Facial Recognition-
A study of 65 face recognition algorithms on masked photos found they were as good as the top performers in 2017 with no masks.
The following written content by Alfred Ng
Scientists agree that face masks are here to stay, and research finds that facial recognition technology is starting to catch up. Since the start of the pandemic, facial recognition providers have been working to get around the coverings, and they’ve gotten marginally better, results from a US government study shows.
The US National Institute of Standards and Technology, or NIST, is considered the leading authority on facial recognition accuracy rates, and it’s been conducting a series of studies on how face masks affect the technology since May 1.
The initial results, published in July and August, showed that masks were thwarting facial recognition algorithms and increasing error rates by up to 99% in some cases. The error rates increased for every algorithm once researchers added masks to the test photos, even for facial recognition that was designed specifically for the coverings.
The latest results, published Tuesday, show that facial recognition has gotten significantly better at making one-to-one matches, even when people are wearing masks. The study looked at 65 algorithms submitted after face masks became required in several countries and tested on 6.2 million photos.
The error rates are still higher once a mask is factored in — jumping from 0.3% without masks to about 5% with masks.

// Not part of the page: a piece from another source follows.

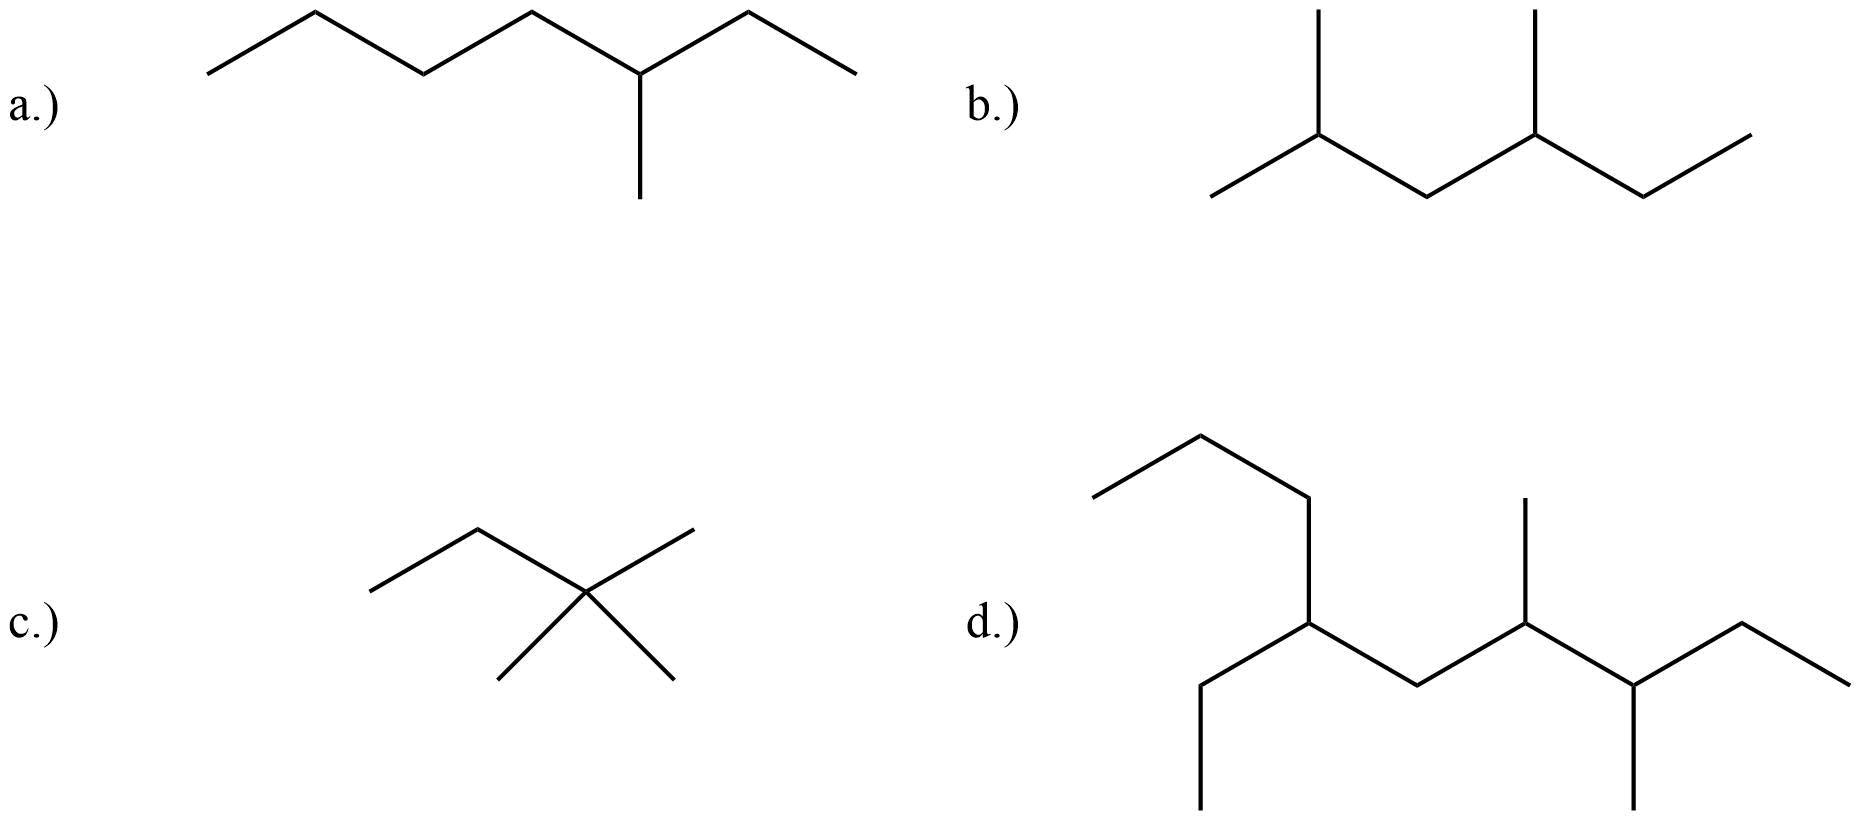 bung-zur-Nomenklatur-der-Alkane Nomenklatur der Alkane

Still, the NIST study said there was a “notable reduction in error rates” compared to algorithms submitted before the pandemic.
In some cases, face recognition algorithms became 10 times better at making matches than their pre-pandemic versions, the study found.
“The current performance of face recognition with face masks is comparable to the state-of-the-art on unmasked images in mid-2017,” the study found.
Face recognition providers have been training their algorithms to detect identities despite masks using social media photos of people in masks, digitally adding masks to photos, asking their own staffers to send in masked images and buying photo sets. Read more from Cnet.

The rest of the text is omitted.